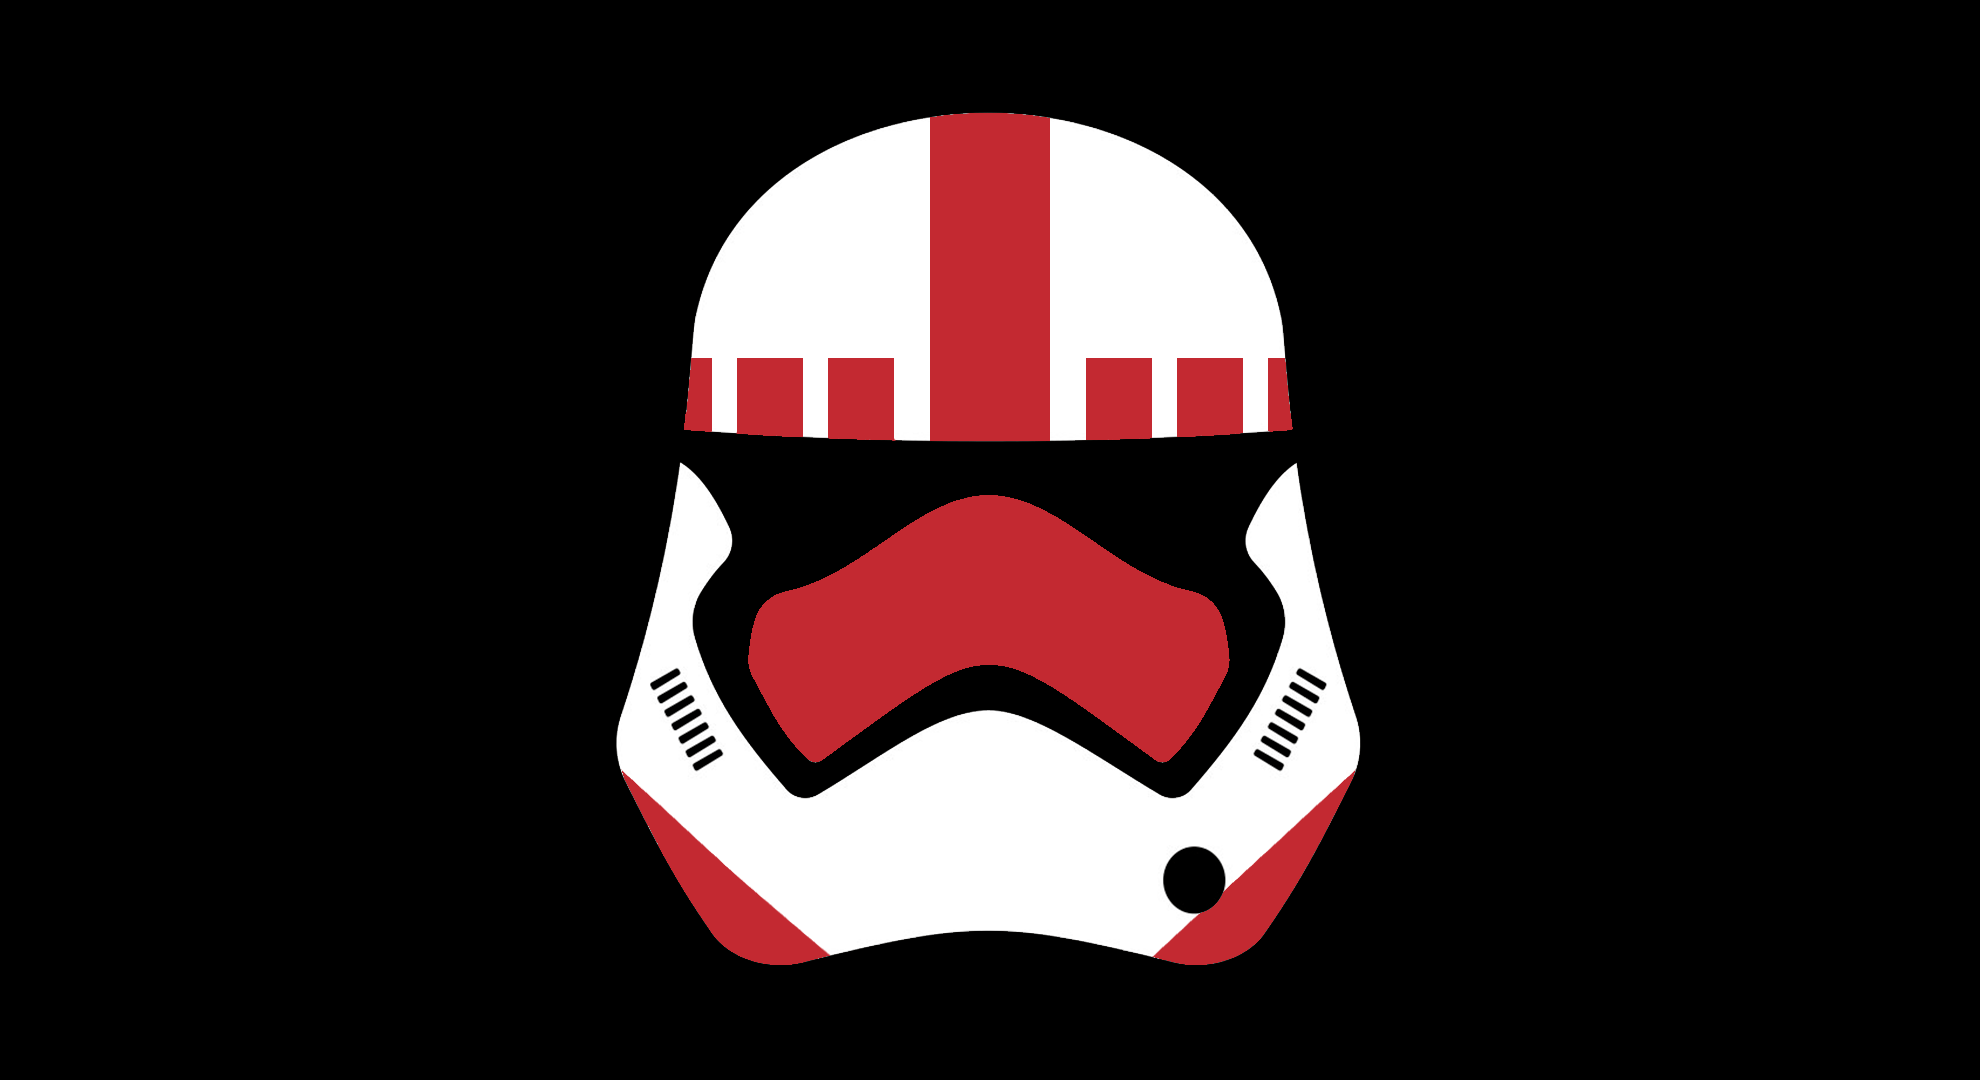 Did a quick photohop of how the First Order helmet would look
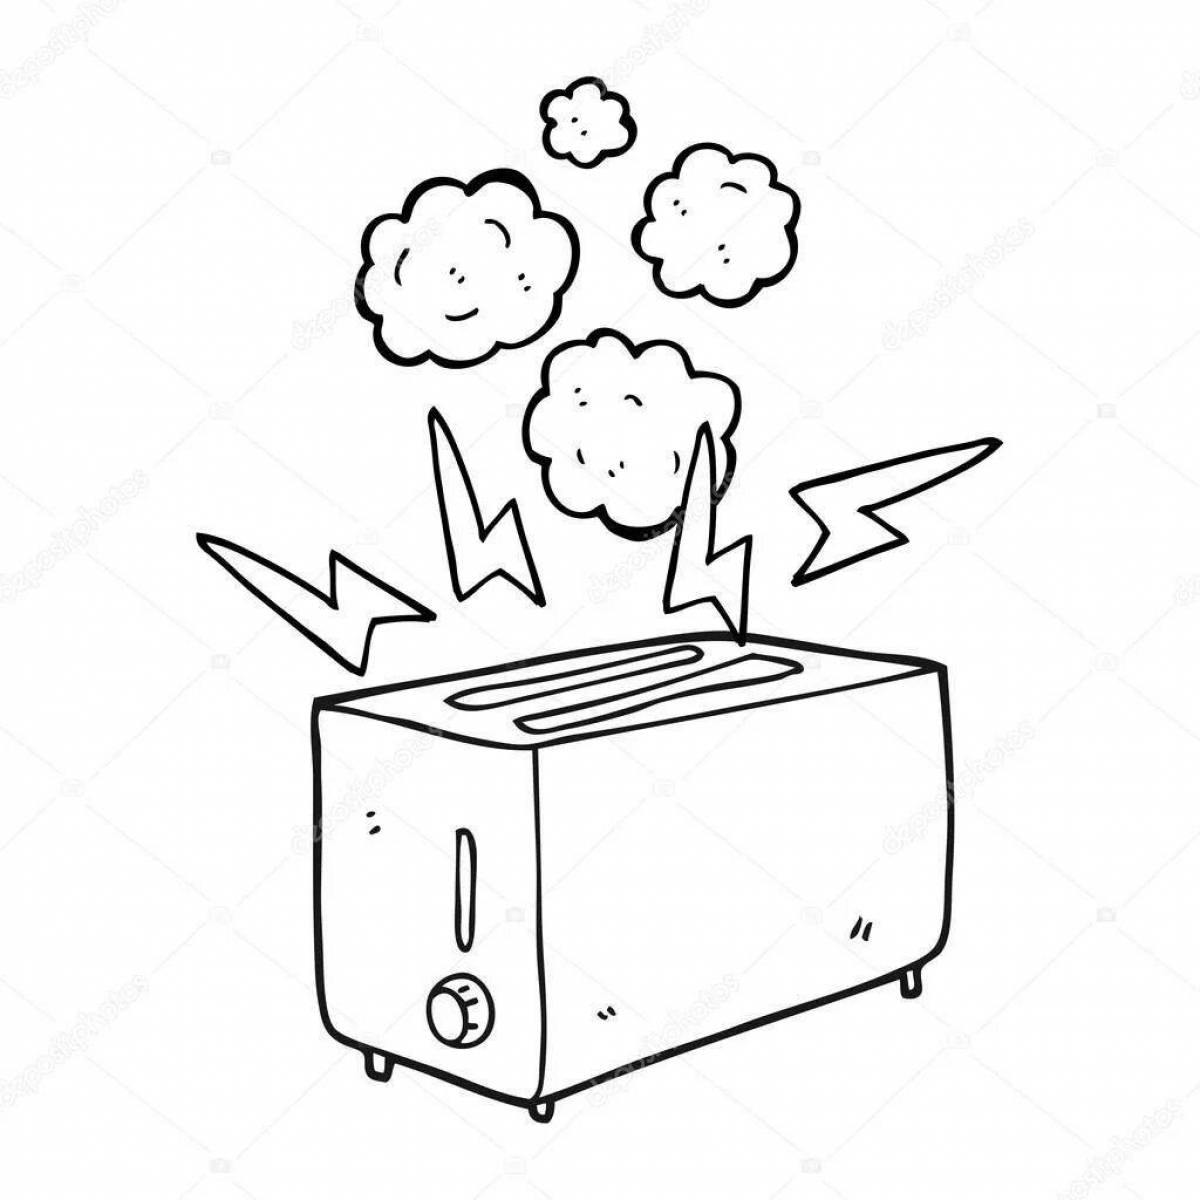 Animated toaster coloring page
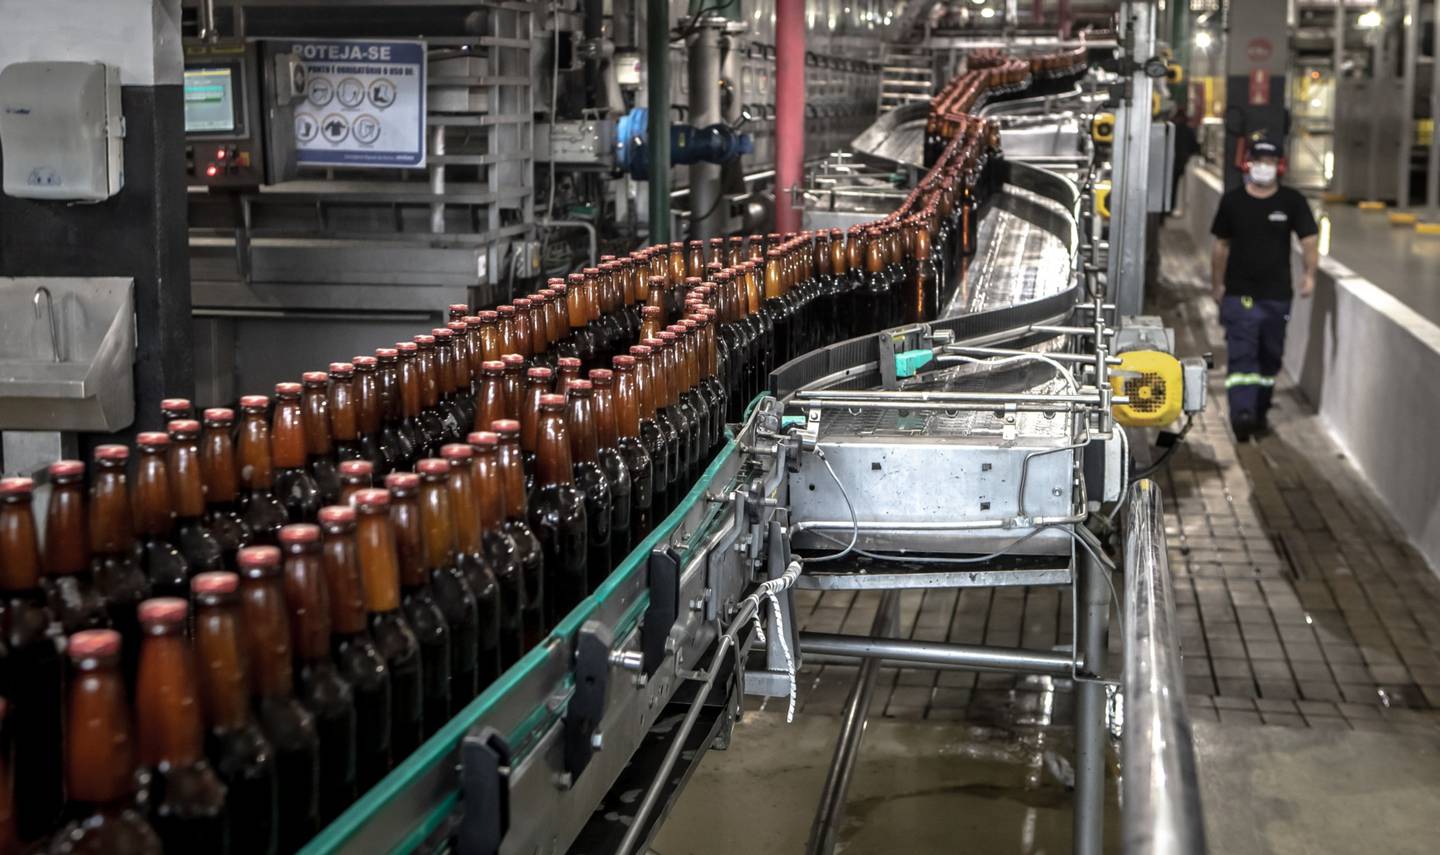 The beer production line at the Ambev SA bottling facility in Sao Paulo, Brazil, on Thursday, Nov. 5, 2020. Ambev, the unit of Anheuser-Busch InBev that operates in 16 countries, said its Brazil beer volume surged 25% in the third quarter from a year earlier after Brazilians used emergency stipends to boost sales. Photographer: Jonne Roriz/Bloomberg

──────────────────────────────

_Problem to work on_
Return each line from the material above exactly, but not the pictures.

_Answer section_
 Did a quick photohop of how the First Order helmet would look
 Animated toaster coloring page
 The beer production line at the Ambev SA bottling facility in Sao Paulo, Brazil, on Thursday, Nov. 5, 2020. Ambev, the unit of Anheuser-Busch InBev that operates in 16 countries, said its Brazil beer volume surged 25% in the third quarter from a year earlier after Brazilians used emergency stipends to boost sales. Photographer: Jonne Roriz/Bloomberg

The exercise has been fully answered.